Thursday, 17 February 2022

Criteria for evaluation of investment projects

The process of making managerial decisions of an investment nature is based on the assessment and comparison of the volume of anticipated investments and future cash receipts. The general logic of analysis using formalized criteria is in principle quite obvious - it is necessary to compare the amount of required investments with the projected income. Since the indicators being compared refer to different points in time, the key problem is their comparability. It can be treated differently depending on the existing objective and subjective conditions: the rate of inflation, the size of investments and generated revenues, the forecasting horizon, the level of expertise of the analyst, etc. 

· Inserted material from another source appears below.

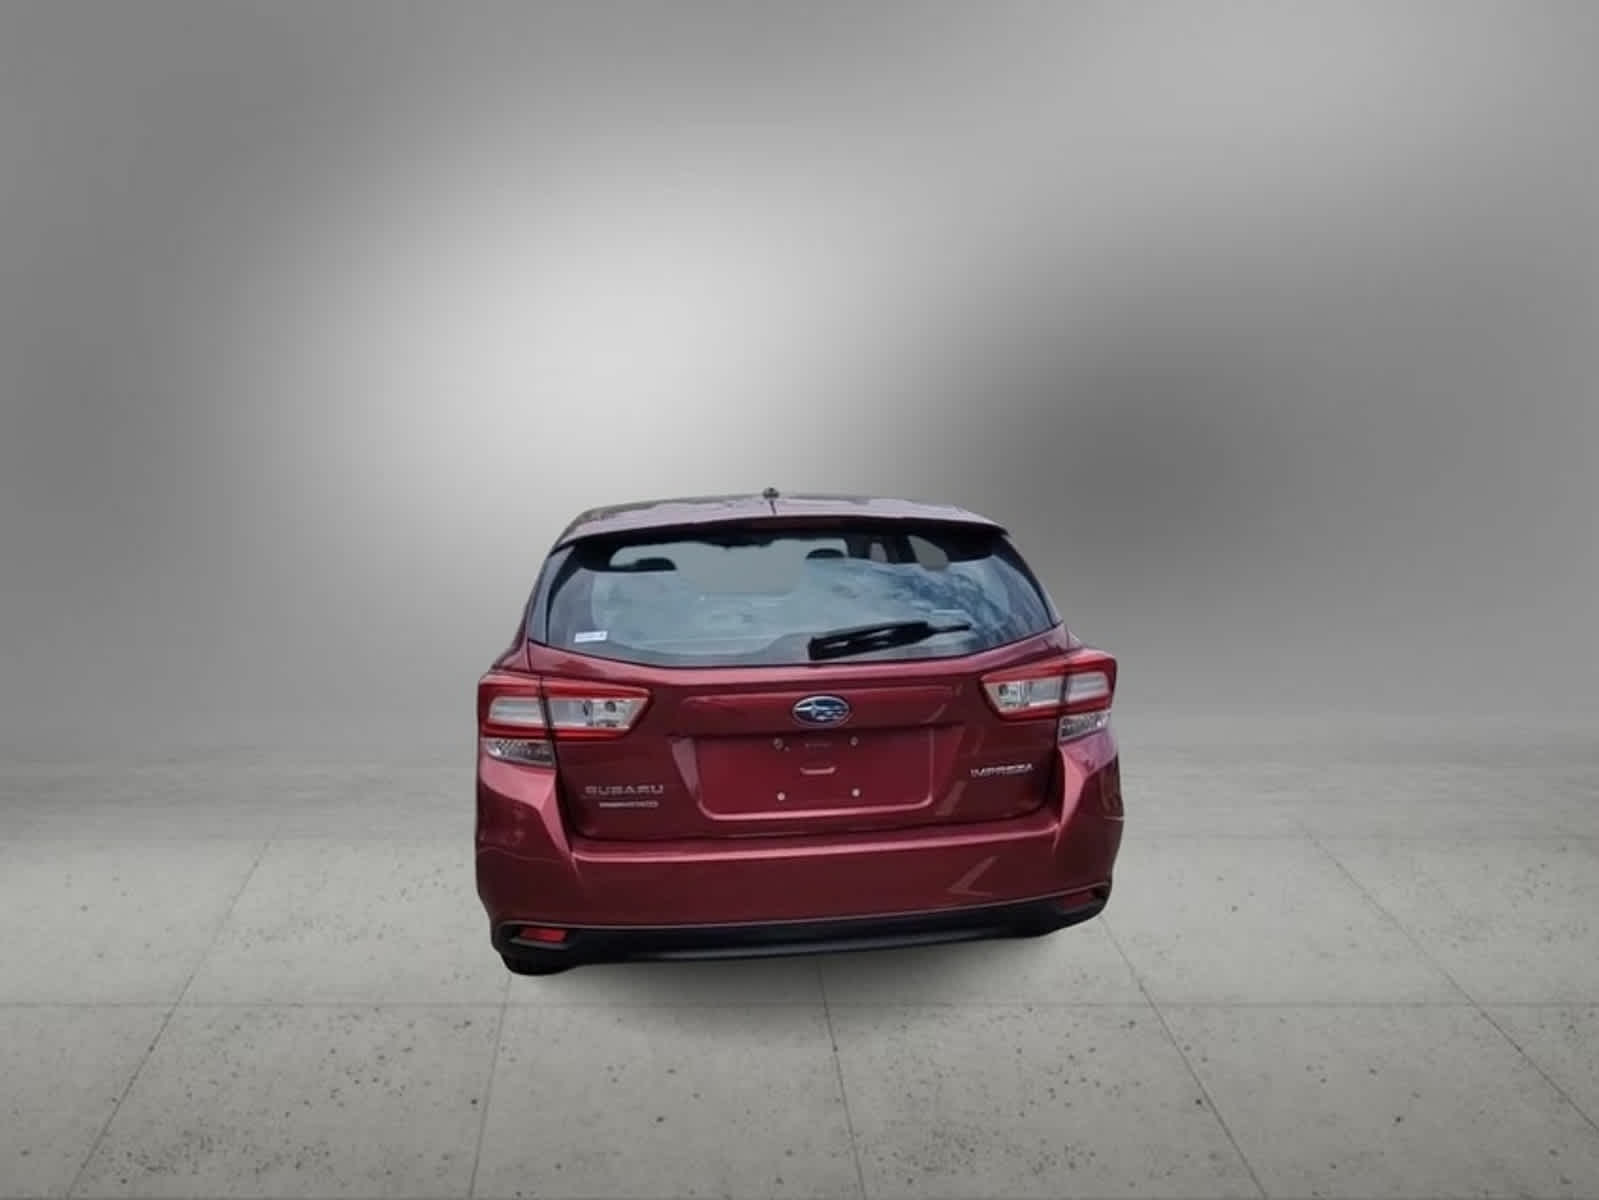 2019 Subaru Impreza 2.0I 6

Critical moments in the process of evaluating a single project or drawing up an investment budget include: 

a) forecasting sales volumes taking into account the possible demand for products (since most projects are associated with additional output); 

b) assessment of cash inflows by year;

c) assessment of the availability of the required sources of financing; 

d) assessment of the acceptable value of the price of capital, used, among other things, as a discount coefficient. 

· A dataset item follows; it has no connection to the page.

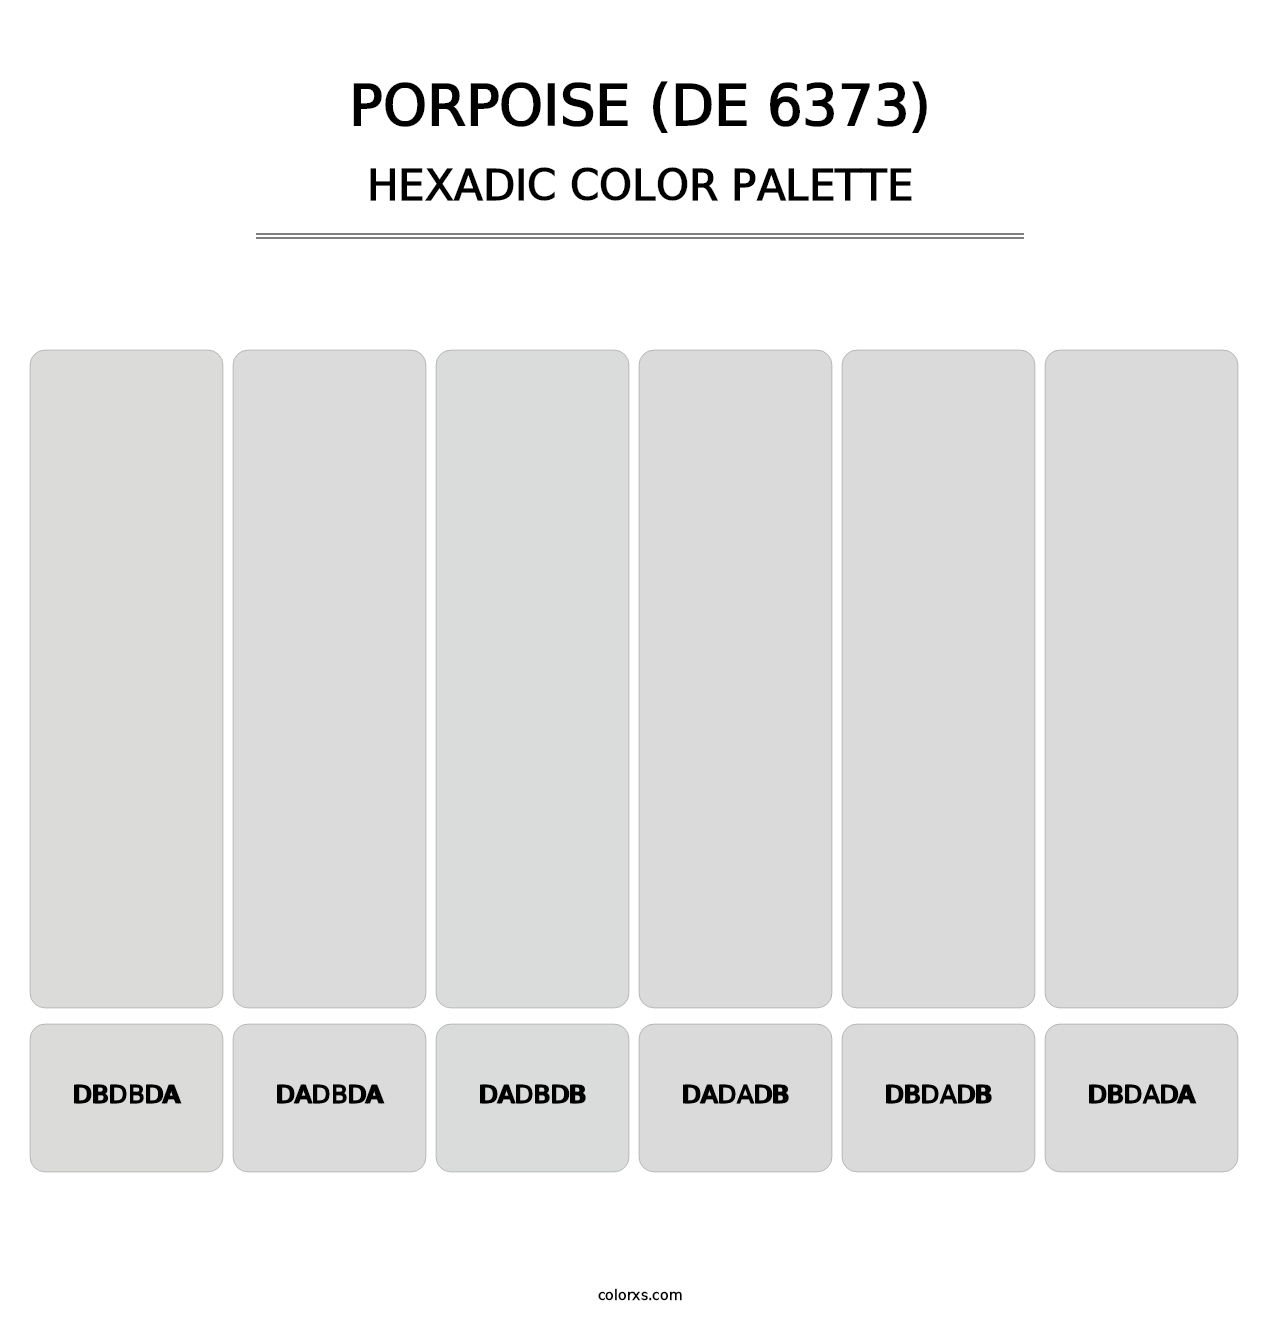 Porpoise (DE 6373) - Hexadic Color Palette

Analysis of the possible capacity of the market for the sale of products, i.e. forecasting the volume of sales, is the most significant, since its underestimation can lead to the loss of a certain share of the sales market, and its revaluation - to the inefficient use of the production capacities introduced under the project, i.e. to the inefficiency of the investments made. With regard to the estimation of cash inflows by year, the main problem arises with regard to the last years of project implementation, since the further the planning horizon, i.e. the longer the project is in time, the more uncertain and risky the cash inflows of distant years are considered. 


Therefore, several calculations may be made in which reduction factors may be introduced for the income values of the last years of the project, or these revenues may be excluded from the analysis altogether due to significant uncertainty. As a rule, companies have many projects available for implementation, and the main limiter is the possibility of financing them. Sources of funds vary significantly in the degree of their availability - the most accessible own funds, i.e. profit, further in the degree of increase in the mobilization period are bank loans, loans, new emission. 


As noted above, these sources differ not only in the length of their involvement in the investment process, but also in the price of capital, the amount of which also depends on many factors. In addition, the price of capital attracted to finance the project, during its implementation, may change (usually upwards) due to various circumstances. This means that a project that is accepted under some conditions may not be profitable under others. Different projects react differently to an increase in the price of capital. 


Thus, a project in which the bulk of the cash inflow falls on the first years of its implementation, i.e. the reimbursement of cash investments is carried out more intensively, is less sensitive to an increase in the price for using the source of funds. From a formal point of view, any investment project depends on a number of parameters that are subject to evaluation during the analysis process and are often specified in the form of a discrete distribution, which allows this analysis to be carried out in the simulation mode. In the most general form, the investment project P is the following model:

P = (IC , CF , n , r),

I k

Where IC is an investment in the I-th year, I = 1,2 ...,( most often it is considered that m = 1 )

CA – inflow (outflow) of funds in the current year, k = 1,2,....n;

n – duration of the project; r is the discount ratio.

Investment projects analyzed in the process of drawing up the budget of capital investments have a certain logic.

- With each investment project, it is customary to associate cash flow, the elements of which are either net outflows or net cash inflows; in this case, net cash outflow in the year is understood as the excess of current cash expenditures on the project over current cash receipts (respectively, with an inverse ratio, there is a net inflow); sometimes the analysis does not use cash flow, but a sequence of forecast values of the net annual profit generated by the project.

  • Most often, the analysis is carried out by year, although this restriction is not unconditional or mandatory; in other words, the analysis can be carried out according to equal base periods of any duration (month, quarter, year, five-year period, etc.), it is only necessary to remember about linking the values of the elements of cash flow, the interest rate and the length of this period.
  • It is assumed that the entire volume of investments is made at the end of the year preceding the first year of the cash inflow generated by the project, although in principle investments can be made over a number of subsequent years.
  • The inflow (outflow) of funds takes place at the end of the next year (such logic is quite understandable and justified, since, for example, this is how profit is considered to be the cumulative total at the end of the reporting period).
  • The discount ratio used to evaluate projects using methods based on discounted estimates should correspond to the length of the period laid down in the basis of the investment project (for example, the annual rate is taken only if the length of the period is a year).

It should be emphasized that the application of methods of evaluation and analysis of projects implies a multiplicity of forecast estimates and calculations used. Multiplicity is determined both by the possibility of applying a number of criteria, and by the unconditional expediency of varying the main parameters. This is achieved by using simulation models in a spreadsheet environment.

The criteria used in the analysis of investment activities can be divided into two groups depending on whether or not the time parameter is taken into account: (a) based on discounted estimates; b) based on accounting estimates. The first group includes the following criteria: net effect; roitor index; internal rate of profit; modified internal rate of return; discounted payback period of the investment. The second group includes the following criteria: payback period; ROI.